= Beginning of Section =

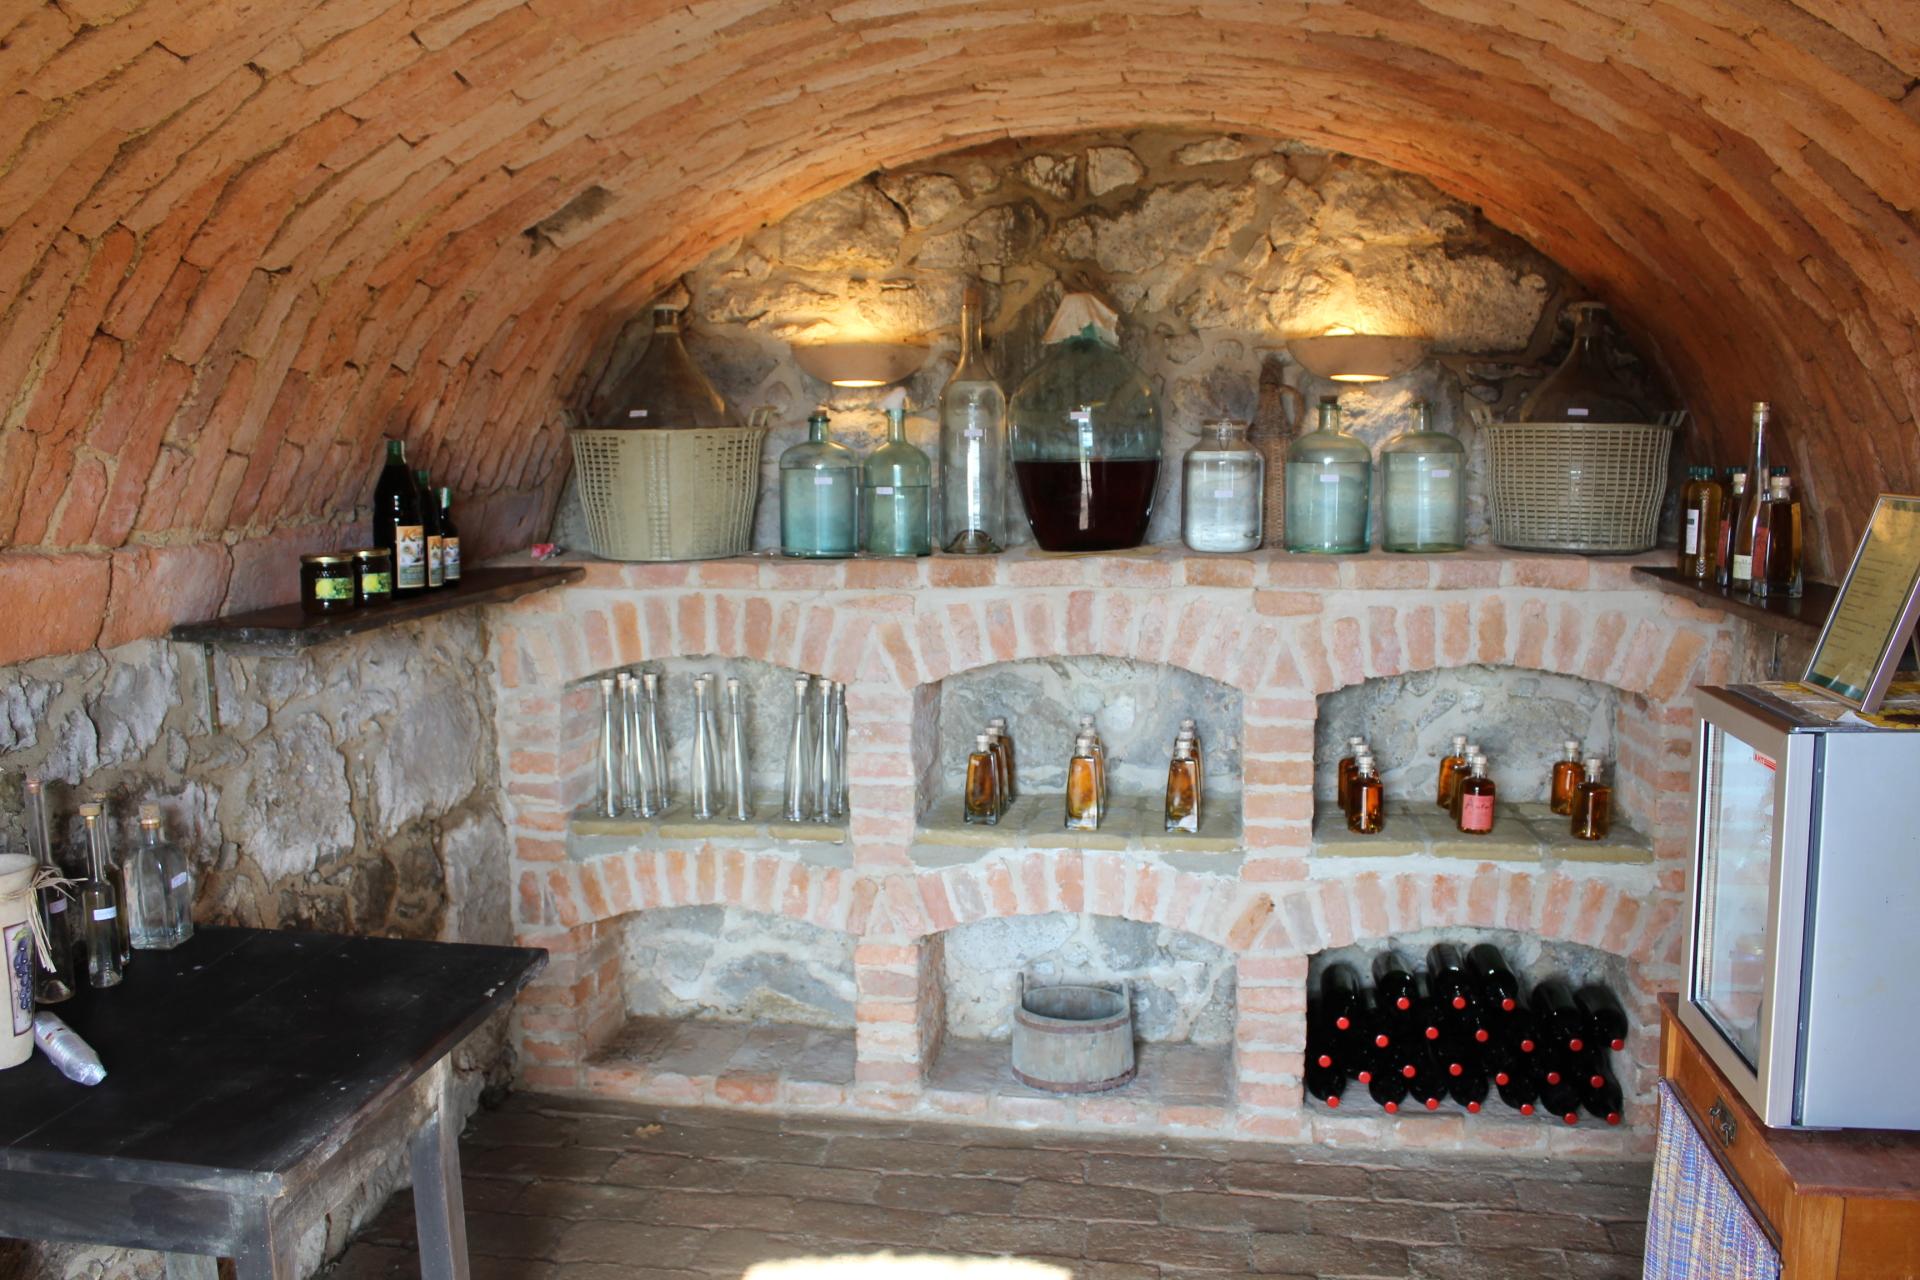 Schnapskeller/Brandy Cellar
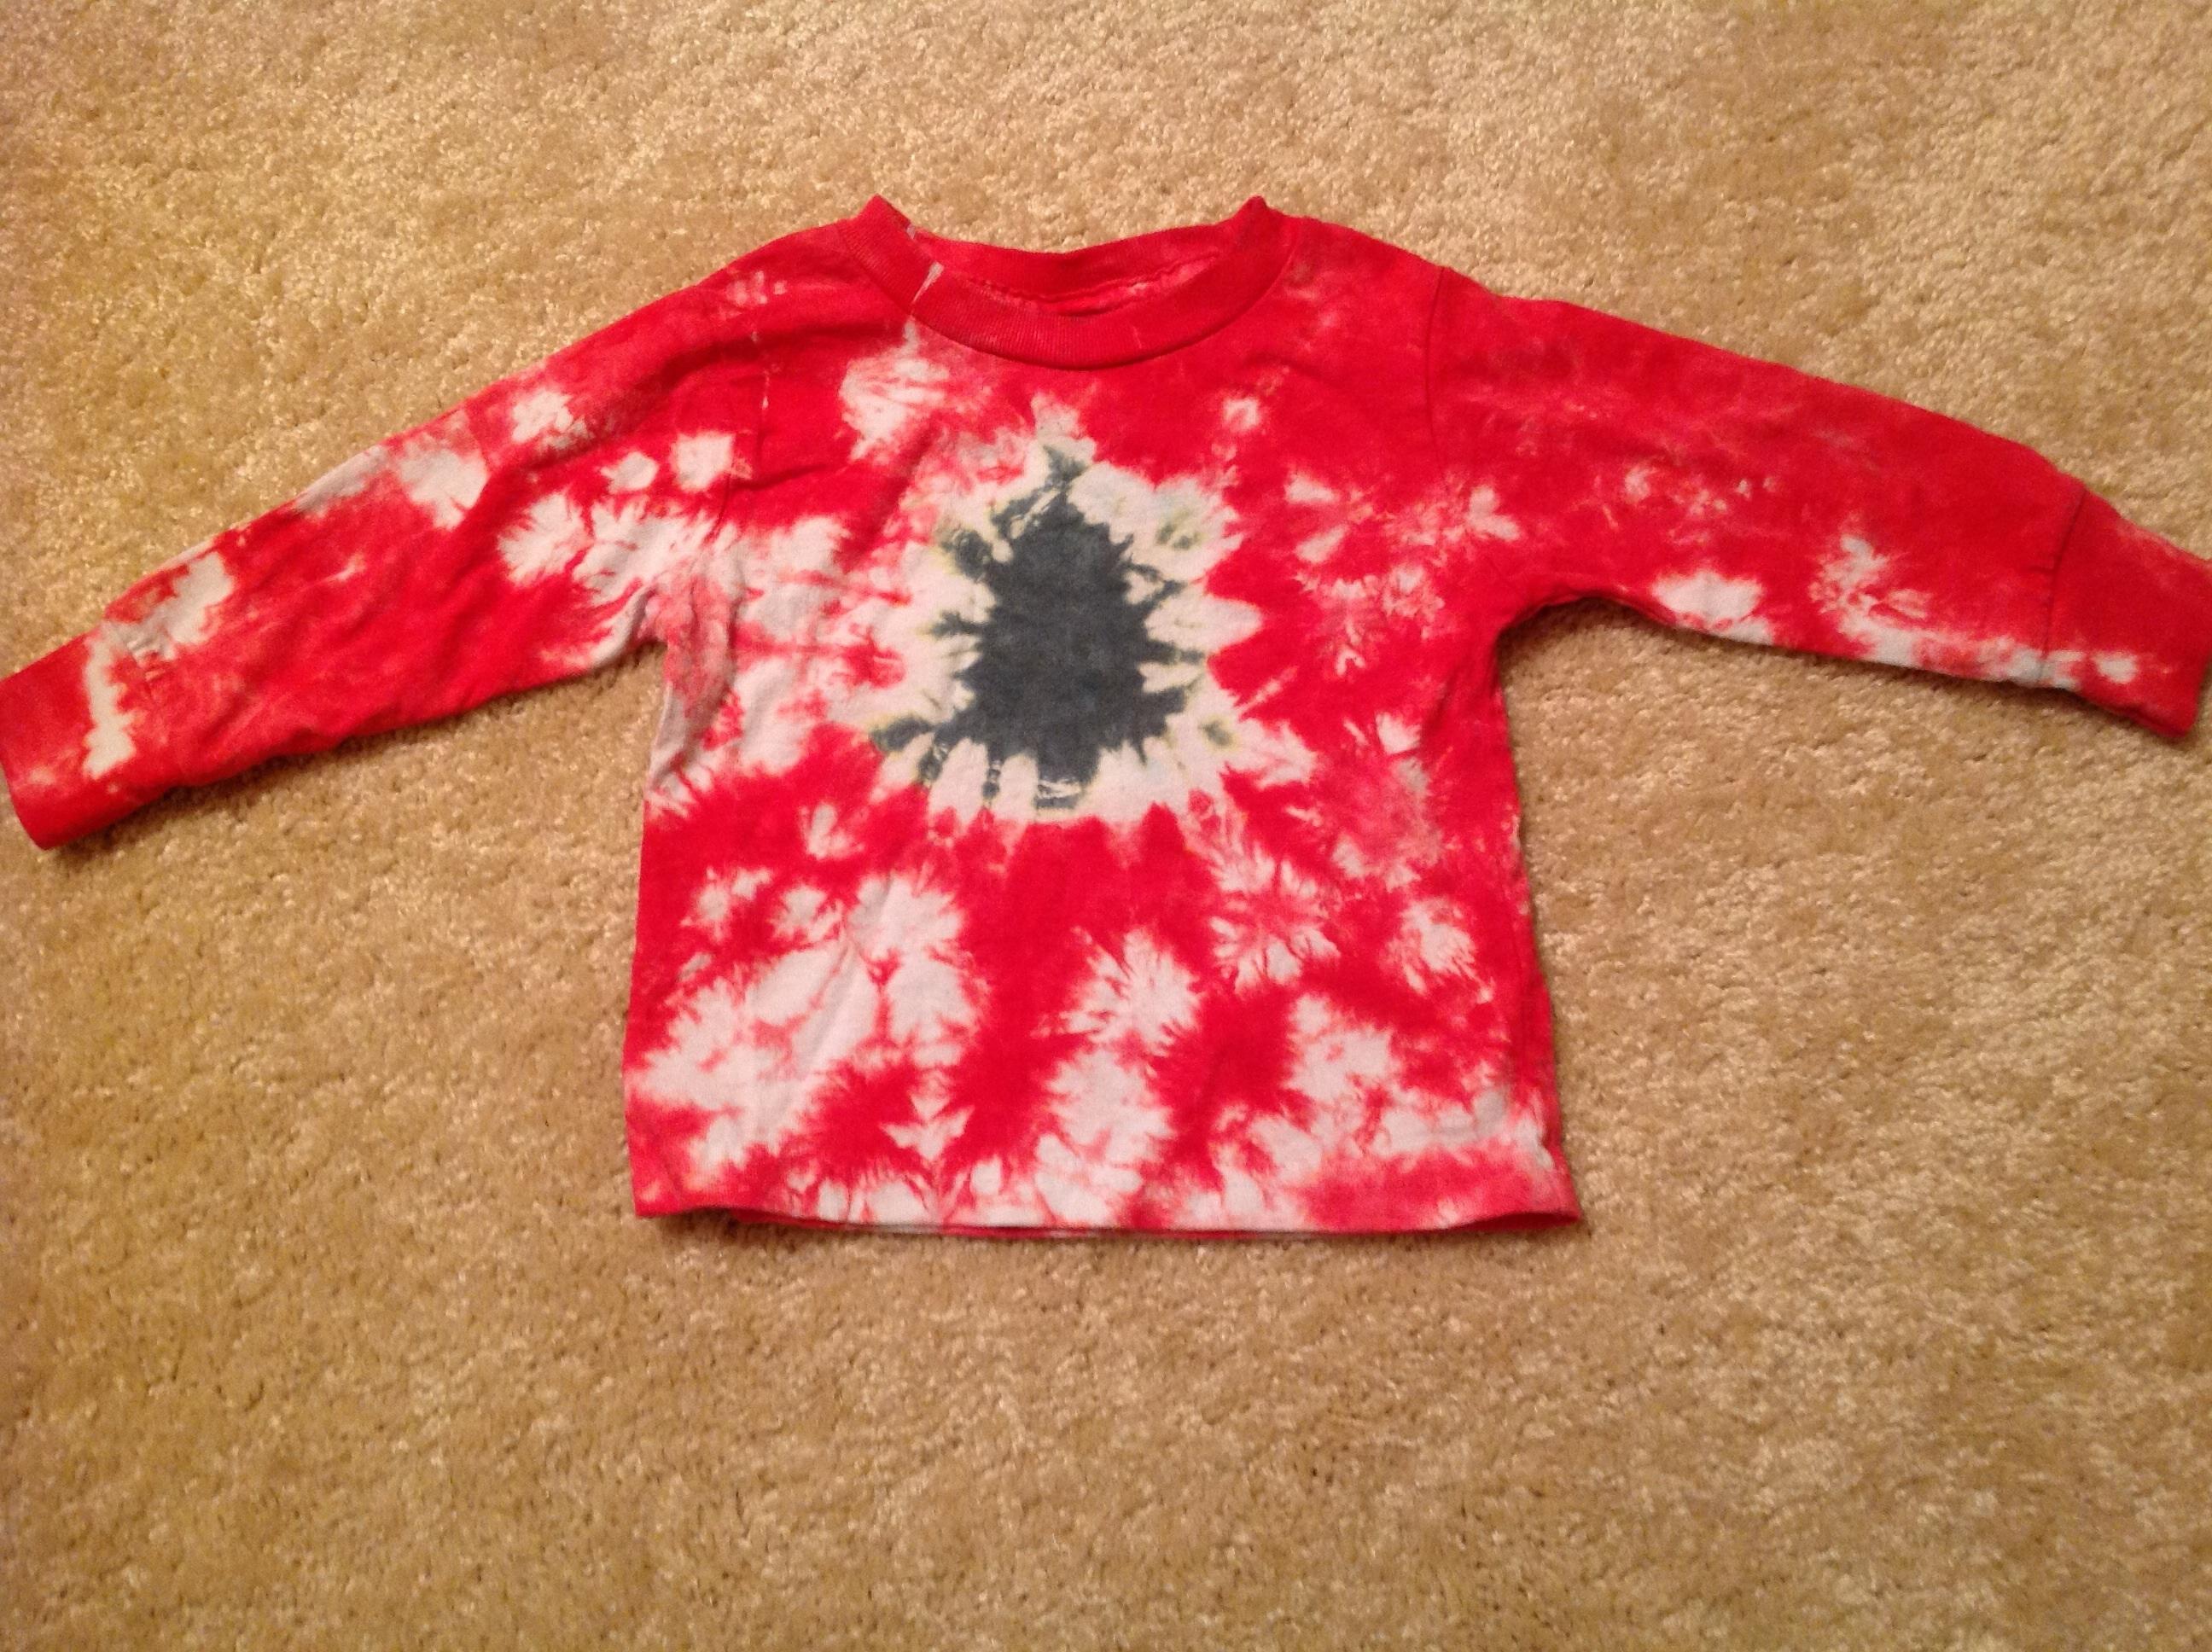 Isis Inspired | 2T long sleeve shirt Christmas tree tie dye | Online ...
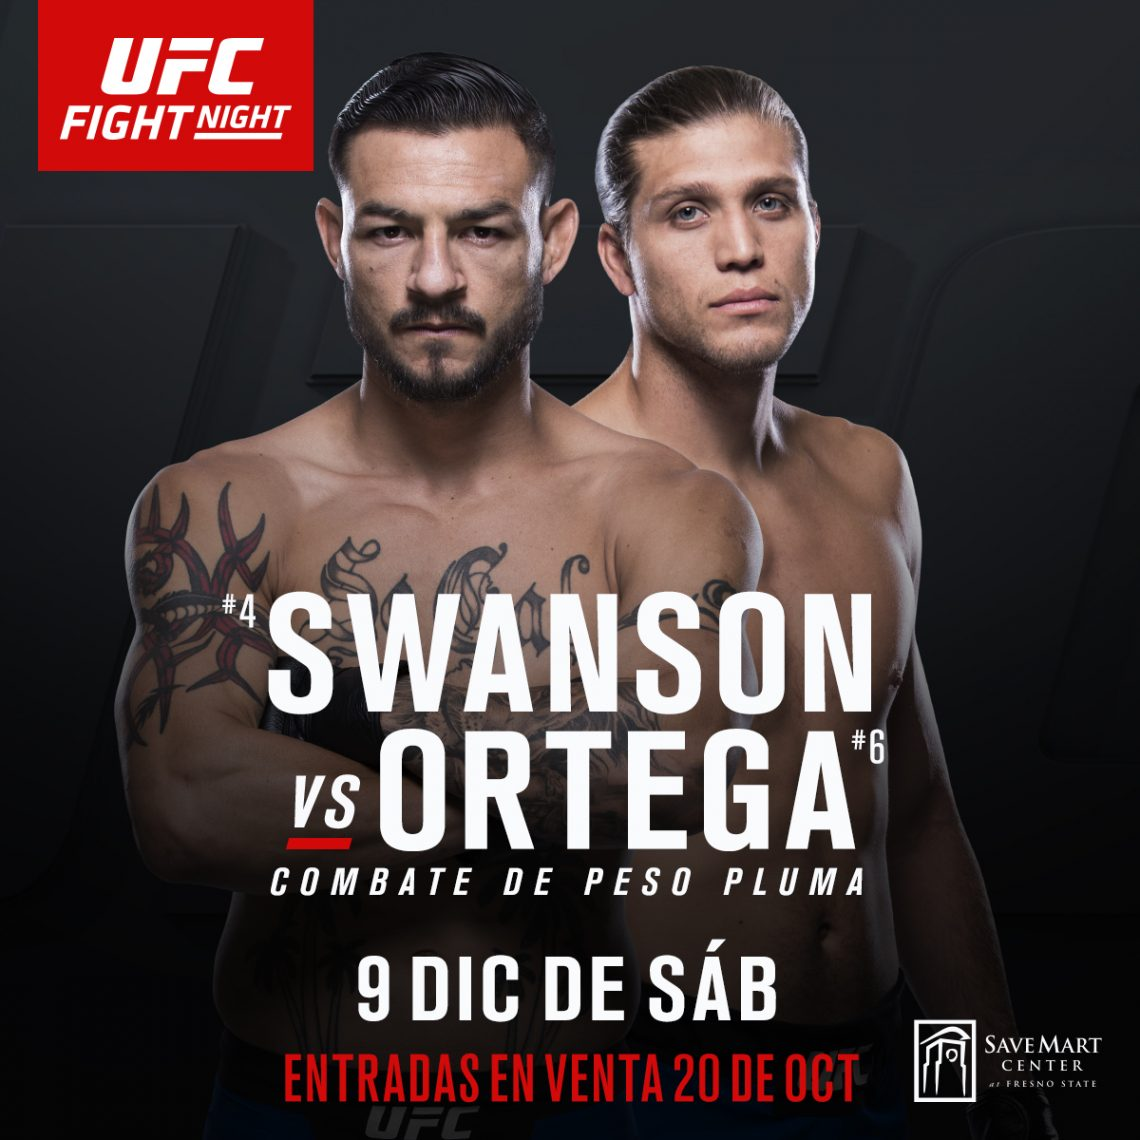 UFC Fight Night: Swanson vs. Ortega 1

= End of Section =

* [PROBLEM DETAILS]
Now write out the data word for word, skipping every picture in it.

* [ANSWER TO THIS EXERCISE]
 Schnapskeller/Brandy Cellar
 Isis Inspired | 2T long sleeve shirt Christmas tree tie dye | Online ...
 UFC Fight Night: Swanson vs. Ortega 1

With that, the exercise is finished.